Funding
6.22.2022
Our Investment in Eppo

By Natalie Vais

Some of the most successful web-scale companies of the past decade have developed advanced experimentation platforms in-house to make better decisions with data (see Google, Netflix, Airbnb, Uber, Twitter, Spotify, Pinterest, DoorDash). Experimentation may be the clearest way for data science teams to drive bottom-line impact (i.e., revenue). Why do so many companies build their own experimentation stacks instead of leveraging an off-the-shelf solution?

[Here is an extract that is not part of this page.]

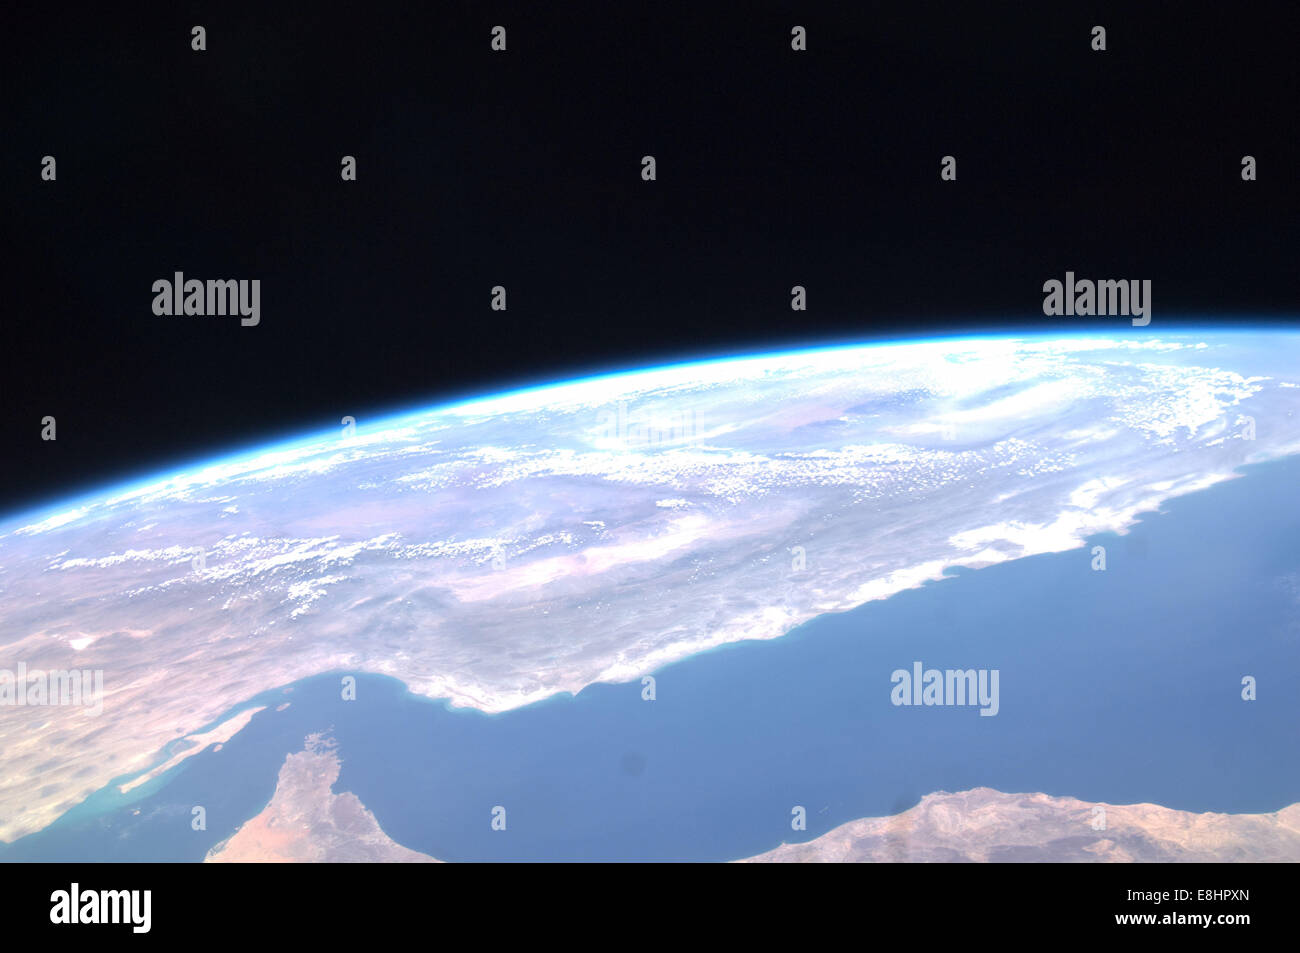 Cette image de l'expédition 31 à bord de la Station spatiale internationale montre une vue panoramique de l'Iran qui inclut le golfe d'Om Banque D'Images

We spoke with data and experimentation teams across startups and larger companies and found that there are (at least generally) six major components of a modern experimentation stack:

  1. Telemetry – instrumentation that provides a systematic way to track and collect events.
  2. Feature flagging – a method to remotely configure features on and off and control who sees what.
  3. Assignment service – responsible for bucketing users into different variants and properly randomizing an experiment’s traffic to ensure results are statistically unbiased.
  4. Stats engine – an engine that powers and enforces statistical analysis such as which tests to use, significance, etc.
  5. Metrics repo – a metrics repository to define and keep track of commonly used metrics. This includes guardrail metrics and product-specific metrics. Some systems also allow on-the-fly metrics calculation.
  6. Analysis UI – a visual interface to view, explore, and control experiments. This includes a way to analyze the results of experiments on different metrics and, in some cases, the ability to ramp up and down traffic.

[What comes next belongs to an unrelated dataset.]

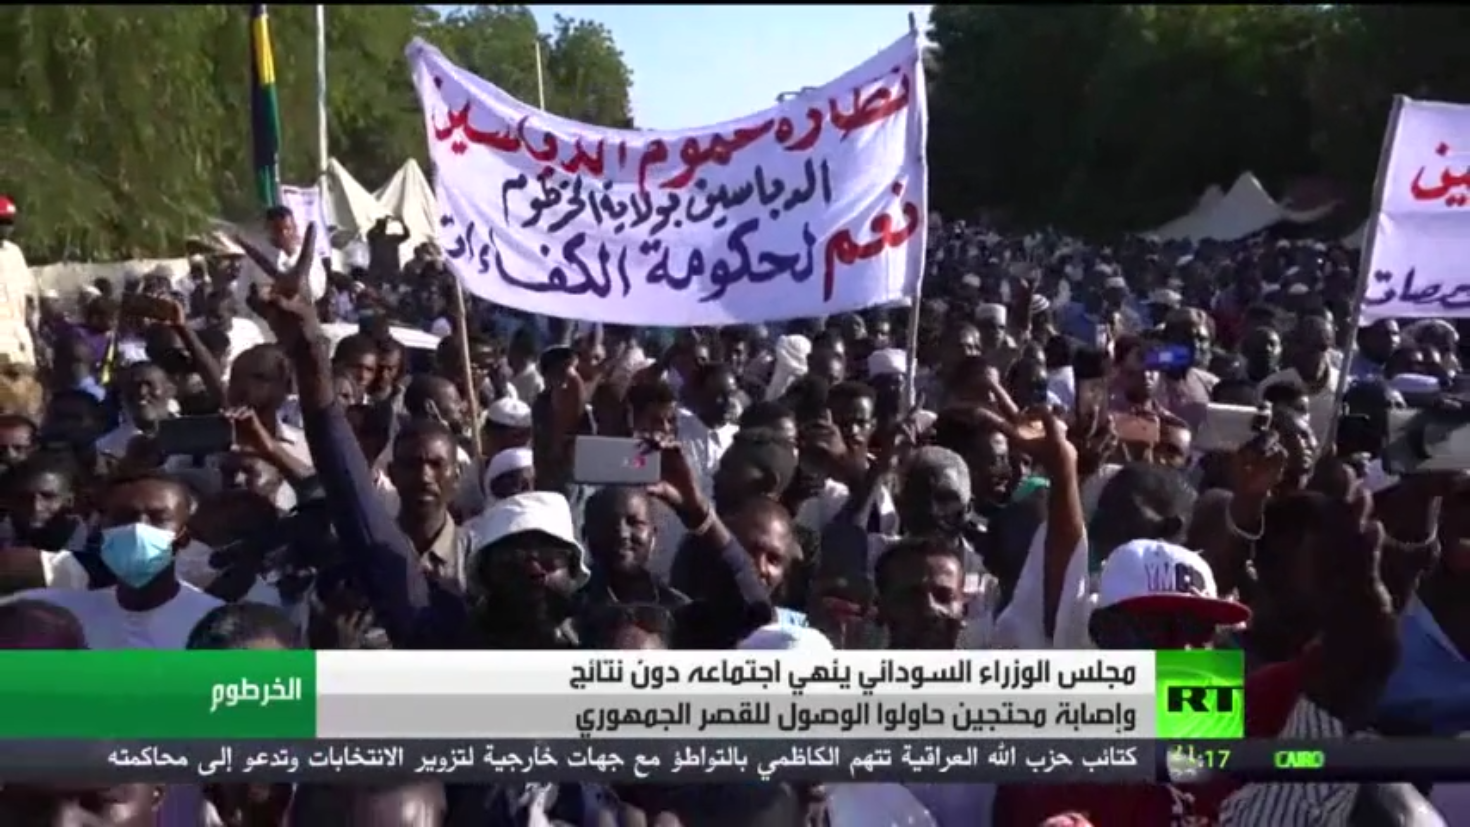 مصادر: المبعوث الأمريكي يزور السودان مع اشتداد الأزمة السياسية

In 2020, after validating that experimentation was a revenue driver for many web-scale companies with strong executive support, our investment team set out to research the systems that existed for high-growth companies to support experimentation cultures. We found that the off-the-shelf options lacked analytical rigor for deep product experimentation or were overly complex to integrate. A few other interesting things we found:

  • Heterogeneity is overestimated: Companies that build experimentation platforms often adopt a similar design based on six key components outlined above (telemetry, feature flagging, assignment service, stats engine, metrics repo, analysis UI).
  • Modular problems, modular solutions: Some of these components, like feature flagging, can power other use cases (like safe feature rollouts). As such, companies are reluctant to adopt end-to-end solutions that don’t integrate with their existing data stack and would prefer to adopt modular solutions that are optimized for the layers they don’t have.
  • Experimentation differs between B2B and B2C: Experimentation is becoming increasingly critical for B2B companies that go bottoms-up (and B2C companies with less user traffic) as they have fewer touchpoints with their customers. These companies have unique needs related to the statistical engine and analysis UI.
  • No suitable commercial or OSS experimentation solutions exist for many teams: Most teams would prefer not to build in-house, but existing tools don’t integrate easily with their data stacks (e.g. feature flagging tools, data warehouse) or meet their analytical needs (e.g. automated diagnostics, outlier detection, self-serve investigations).

Along the way, we met Chetan Sharma. Che spent his career building experimentation tooling at B2C and B2B companies like Airbnb and Webflow, experiencing firsthand the impact that data-driven culture has on product development. When we met, he was developing a vision around making experimentation accessible to any company – so that any person could test new product ideas (after all, Eppo stands for “Every Paid Person’s Opinion”). Among his previous work, he created the widely popular Airbnb Knowledge Repo. He’s committed not only to helping companies run experiments to make product decisions but also to helping teams build and access institutional knowledge gleaned from experiments. In many ways, Che is an archetypical Amplify founder — he encountered a problem, designed a solution, and wanted to make that solution accessible to the rest of the world.

Over the course of several months, we got to know Che more and were particularly drawn to his approach targeting two largely unaddressed areas: the statistical engine and analysis UI. From our prior research in this space, we believed this was the most unsolved part of the experimentation stack and required someone with deep statistical know-how to execute. When Che vocalized that he was ready to start a company, we jumped at the opportunity to partner with him.

Che started Eppo in late 2020 and quickly assembled a team of all-stars with experience at companies like Strava, Slack, and Snowflake. Historically, top-notch, high-frequency experimentation was only reserved for companies who could afford to build systems in-house and staff an internal team to support the infrastructure. Eppo flips this narrative. The Eppo team designed an experimentation platform that allows companies to connect directly to their data warehouse and leverage a statistical engine and analytics UI to handle advanced use cases (e.g. guardrail metrics, automate power analysis, CUPED). With Eppo you get:

  • A dashboard to track, filter, and manage all running experiments
  • An SDK to randomly assign subjects to your experiment variations
  • A page for each experiment where you can track progress, metrics, and traffic allocation
  • An explore panel for diving into experiment metrics and splitting across dimensions
  • A metrics section for tracking and managing all experiment metrics with historical context

Since its founding, they have brought on a wide range of customers with different data volumes and use cases including Cameo, Foxtrot, and Netlify. Eppo is the tool that every company should use in their experimentation stack – which is why we’re thrilled to announce our seed and Series A investment in the company!